Sarah Seraphin, special collections librarian at La Salle University, gently displays an illustrated prayer book.

One of the Philadelphia region’s greatest collections of historic biblical and religious material dating from the birth of printing and even earlier is housed in the Connelly Library at La Salle University.

Among the treasures of the Susan Dunleavy Collection of Biblical Literature is the extremely rare Myles Coverdale Bible (1525), the first full Bible with Old and New Testament printed in the English Language. A selection of these holdings, including some that illustrate the Annunciation and Nativity, are currently on display in the library’s main reading room.

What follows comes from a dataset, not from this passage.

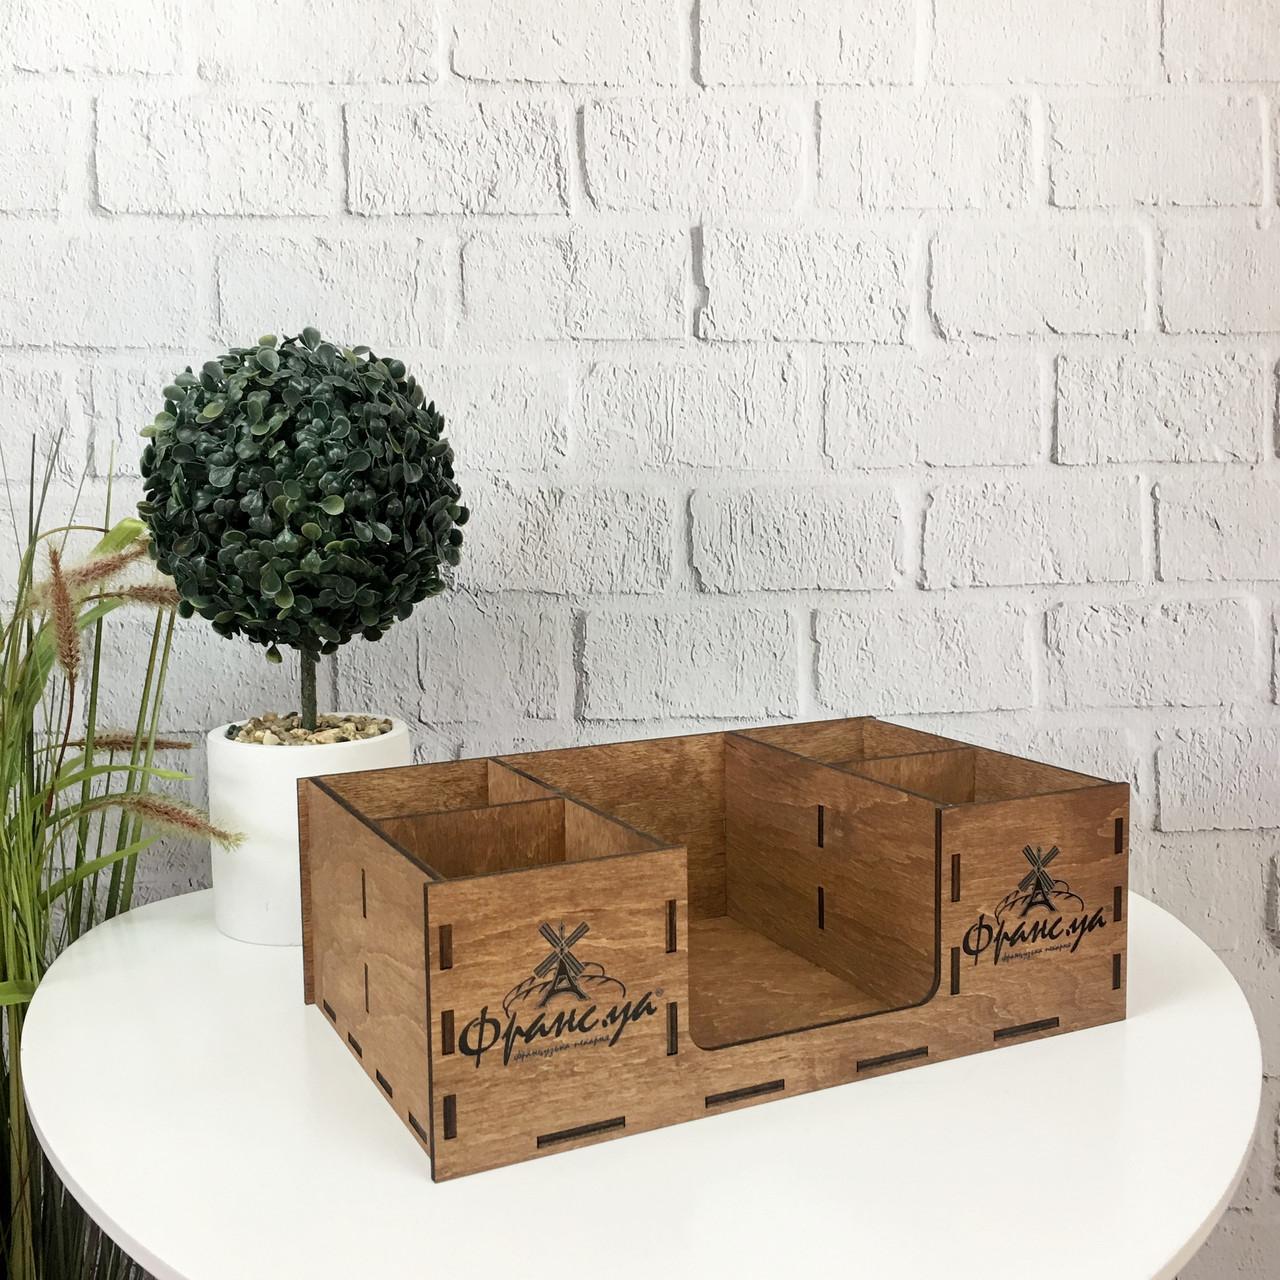 Настольный органайзер из дерева с логотипом на заказ

The Dunleavy Collection traces back to the 1970s when La Salle’s president, Christian Brother Daniel Burke, initiated a collection of illustrated bibles for the university’s just-forming museum.

Funding for the collection was provided by Francis J. Dunleavy, president of International Telephone and Telegraph, and the collection was named in memory of his daughter, Susan, who had died in a tragic accident the previous year. The Dunleavy collection continues to grow through an endowment established by the benefactor and recent acquisitions include a 17th-century French devotional and a Latin breviary published in Rome in the 17thcentury.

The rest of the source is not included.